Another question is, assuming, as we said, that the transaction gets closed in Q4, anything on the ESOP charge that we would like to mention?
So assuming if the change of control event happens in quarter four, then we are clearly looking at around INR 40 crores of ESOP charge whatever is balanced leftover to be charged in the quarter four.
Great. And the last question, which is there in the significant increase in other income to 18 crores, anything that you would like to highlight?
So, it's basically because of the simple reason that since we have repaid all our debts, we had some opening debts in last year. And now we have repaid all our debts, and we have a surplus cash which we are investing as per our treasury policy, and that's resulting into higher treasury income.
Great. That's it from my side. Over to you, Moderator.
Thank you. Ladies and gentlemen, that was the last question for today. We have reached the end of question and answer session. I would now like to hand the conference over to Nikhil for closing comments.

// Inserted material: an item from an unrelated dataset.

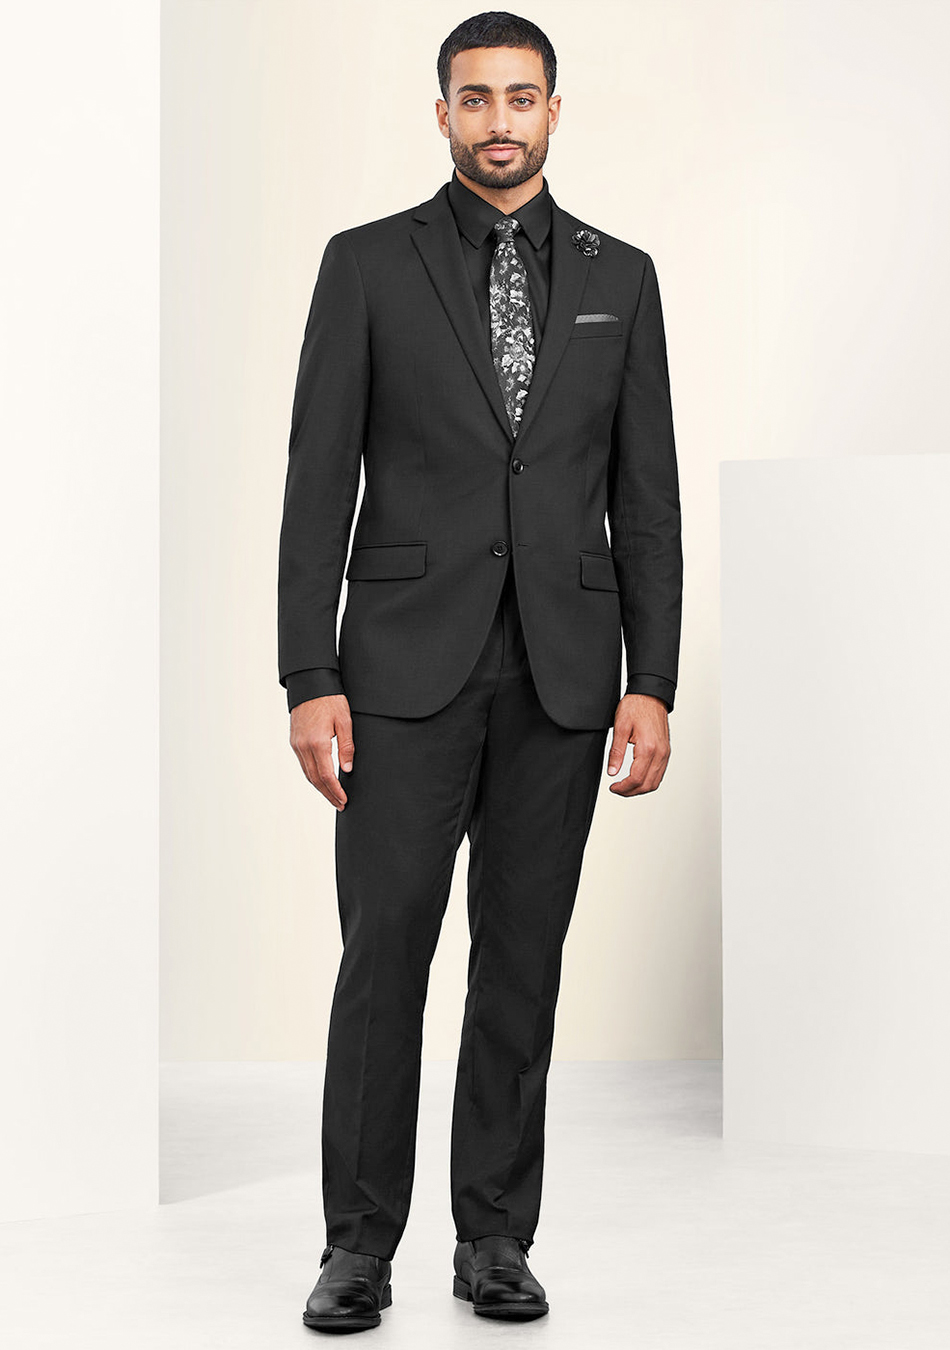 Full Black Attire ♠️ | Men's business outfits, Black attire, Black suits

Thank you all for showing all the interest in JB Pharma's performance for the first nine months of the year. And the guidance that we want to give for the current year is we'll continue to outperform the market in India business. All our big brands will only get bigger driven by volume growth, particularly showing good performance in the chronic space. Equally, in the international market, we have bounced back in quarter three, and that momentum will continue in quarter four, backed up by our subsidiaries doing better, South Africa, Russia, as well as international branded businesses also show double-digit growth for the quarter. And we should end the year for our international business at high single digit growth. And we'll continue to maintain our EBITDA margins for the year close to 20%-29%.
That is in accord to the guidance that we have given to all of you in our previous investor calls. Thank you all.
Thank you.
Thank you.
Thank you. On behalf of JB Pharma, that concludes this conference. Thank you for joining us. You may now disconnect your lines.